Deane Hillsman, M.D.
University of California at Davis, USA
Numerous mechanical and chemical feedback mechanisms are the dominant force controlling respiration and breathing patterns. However, it must be questioned whether these normal control mechanisms are always operating correctly if lung structure and physiology has been altered by disease.
This paper postulates the ventilatory response to dynamic hyperinflation (DH) in chronic obstructive pulmonary disease (COPD) and acute asthma is both inappropriate and counterproductive.
Hyperventilation is the probable initiating event in DH, and "relative hyperventilation" in COPD is a vicious circle phenomenon exacerbating DH and/or preventing DH correction.
DH has been recognized for many years. A seminal 1958 paper by William F. Miller (Amer. J. Med. 24; 929-940, 1958) showed an example of hyperventilation in COPD producing 1200 cc of air trapping within only seven breaths.
Tragically, interest in cognitive DH control in COPD waned in the 1970's. There has been a resurgence of interest in DH. This is exemplified by a decade of study by Denis O'Donnell and colleagues in COPD (AJRCCM 164;770-777, 2001) and acute Asthma (Am. Rev. Resp. Dis. 148;1452-1459, 1993).
Their COPD data demonstrated almost identical respiratory rates in exercised patients with DH and normal subjects, revealing the COPD rate as one of "relative hyperventilation," which must therefore be considered pathologic. Their induced acute DH asthma data, lacking a control group, is likewise highly suggestive.
The natural escape from DH in COPD is frequently distressing exhaustion with probable secondary inefficient upper tidal volume reduction and slowing of the respiratory rate.
Cognitive ventilatory strategies to prevent and/or resolve the DH lesion are required. These include rate slowing, expiration prolongation and/or cautious forced exhalation (to minimize dynamic bronchial compression), and transient inspiration volume limitation.
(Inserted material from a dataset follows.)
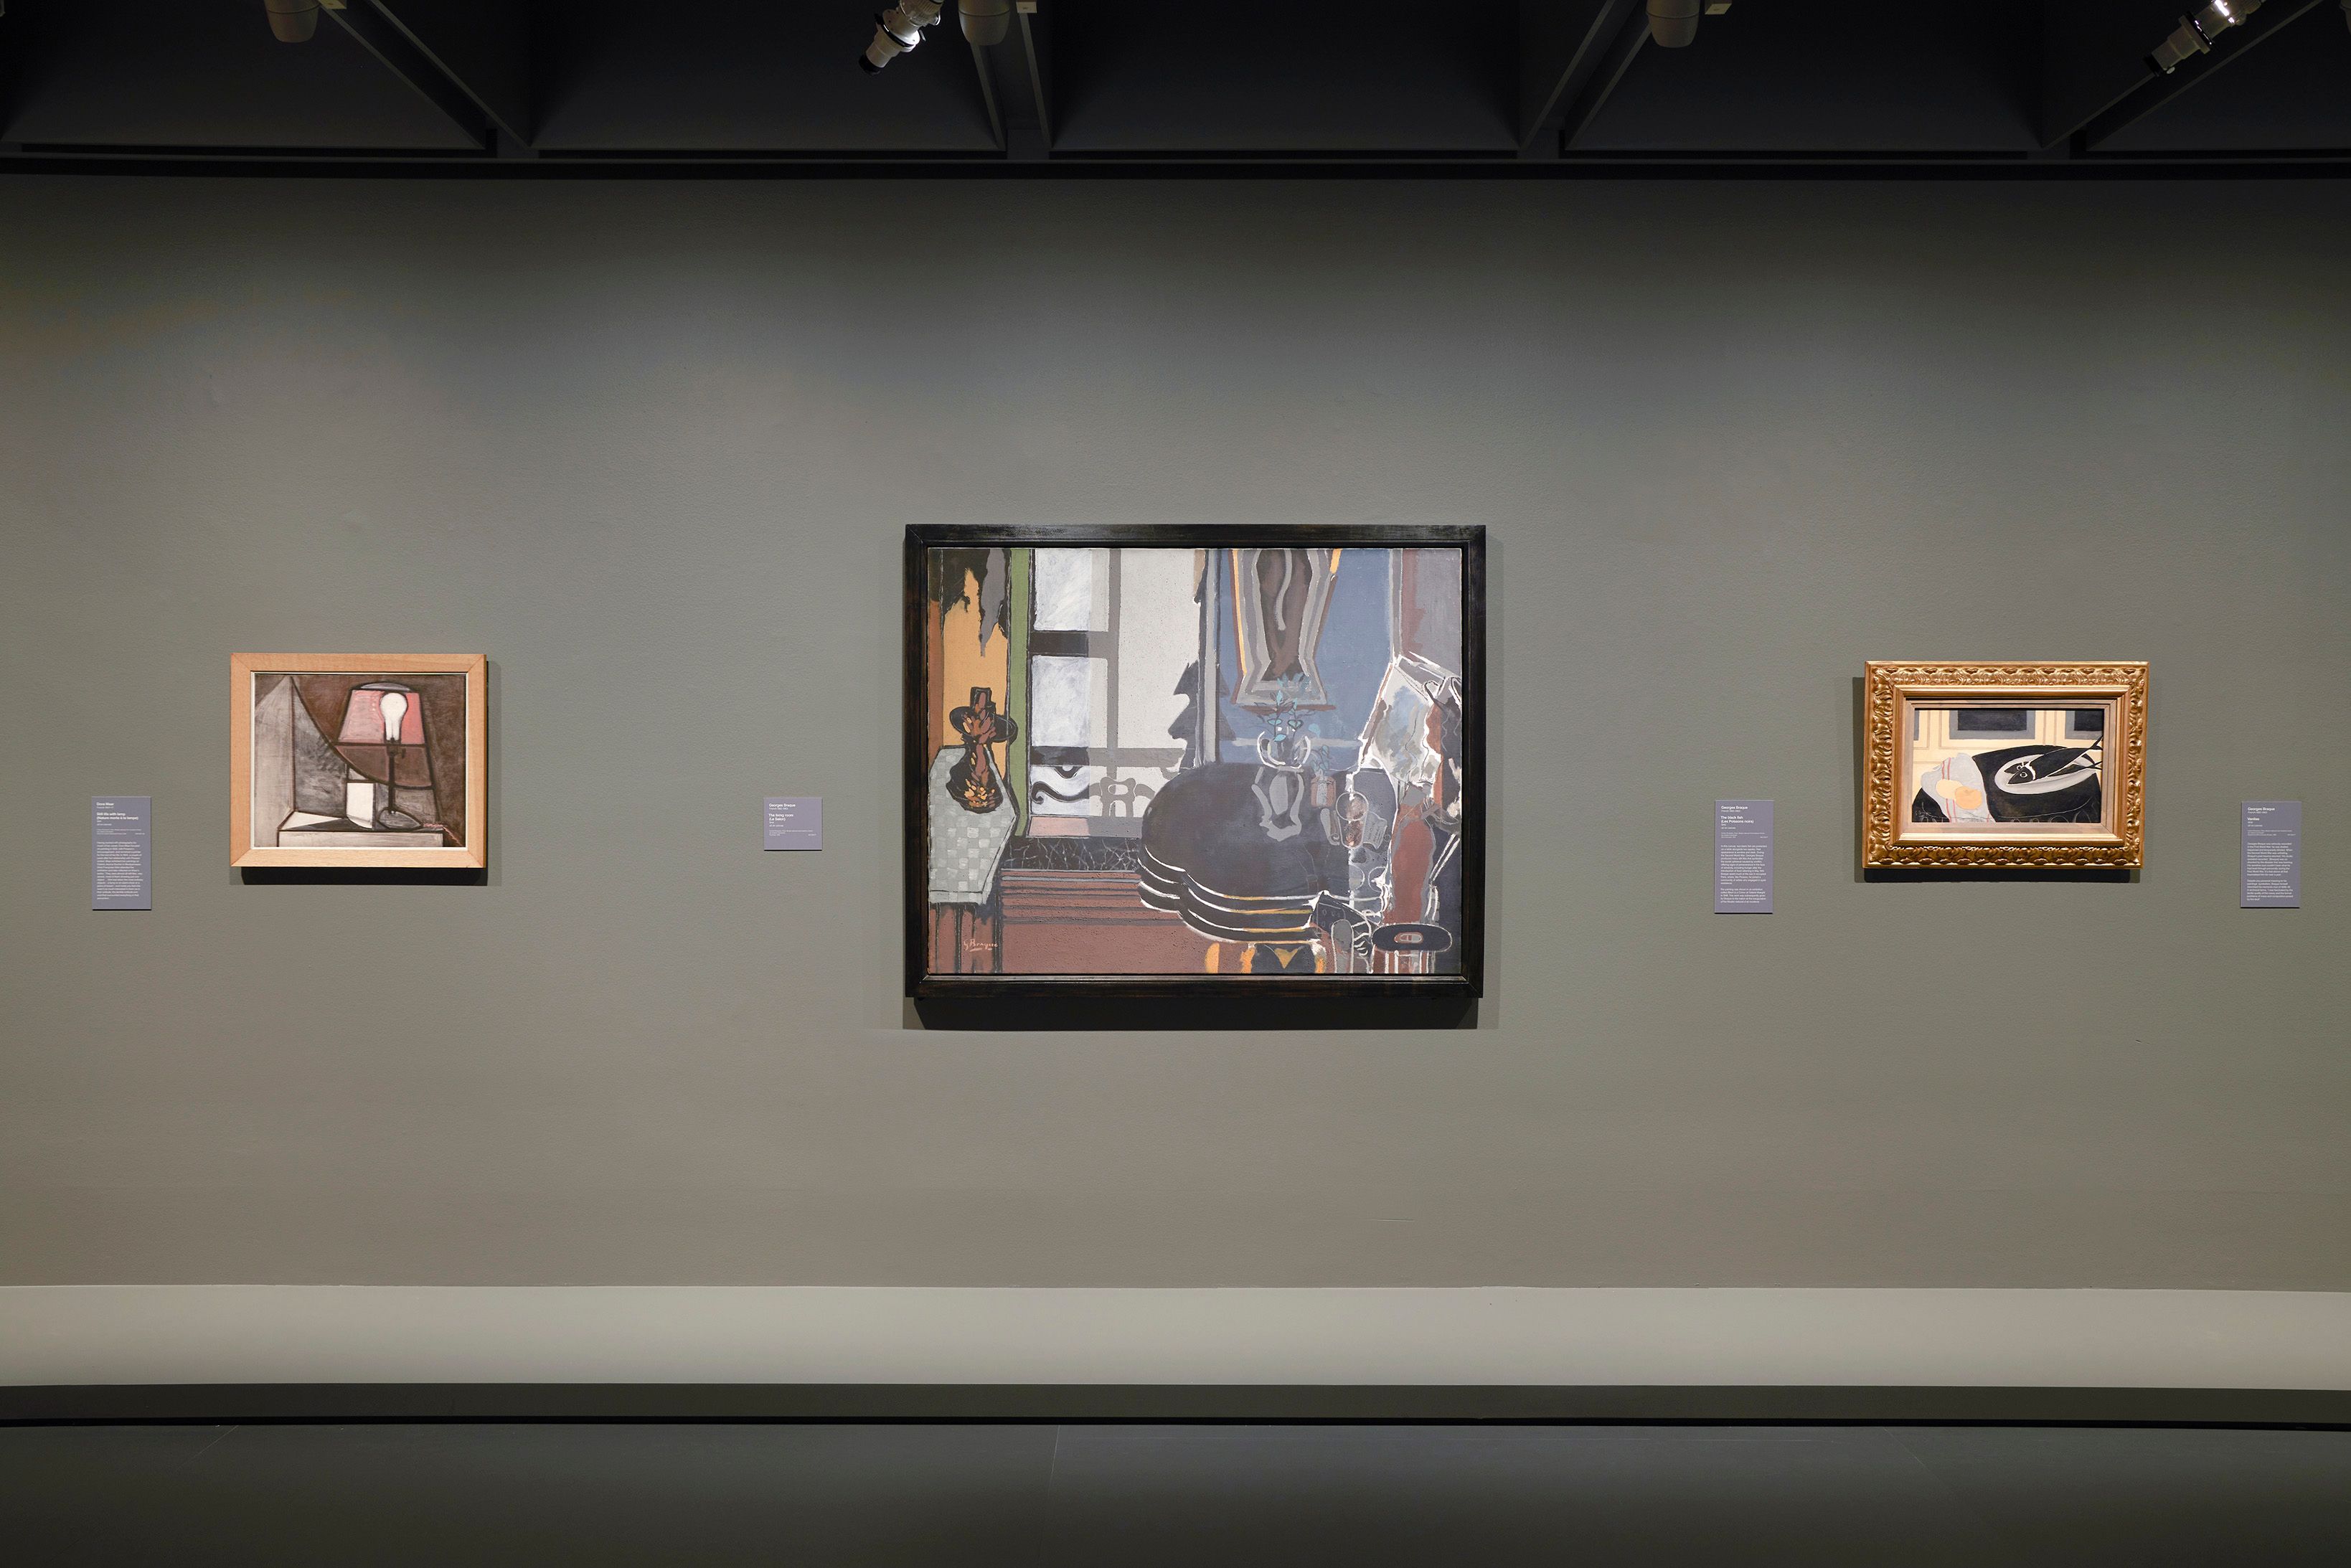 Installation view of <em>The Picasso Century</em> on display from 10 June-9 October 2022 at NGV International, Melbourne. Photo: Sean Fennessy

Conclusion: The "relative hyperventilation" response in COPD (and probably acute asthma) to DH generates a vicious circle response and is therefore corrupt. Cognitive breathing pattern control is required to efficiently resolve DH.
From Denis O'Donnell et al, AJRCCM 164; 770-777, 2001
Exercising normals versus patients with severe COPD (average FEV1 = 0.94 lps). The COPD patients were stable and not in a state of Asthmatic bronchospasm at the start of exercise.
Note the COPD patients have an increased Functional Residual Capacity, and that immediately on beginning to exercise they start to "Air Trap" and develop progressive Dynamic Hyperinflation. This is a classic example of a "vicious circle" pathophysiologic lesion, with increasing respiratory rate making the Dynamic Hyperinflation problem progressively worse.
It is apparent these patients are in a state of Dynamic Hyperinflation at rest and/or just bordering on same, and they are therefore extremely vulnerable to any degree of "relative hyperventilation."
It is clear from this data the multiple traditional mechanical / sensory / neural / chemical feedback mechanisms that regulate breathing control have failed in these COPD patients.
It follows therefore that breathing control techniques are mandatory to prevent and/or correct the Dynamic Hyperinflation lesion as described. Rescue bronchodilators would not likely be able to influence this lesion significantly.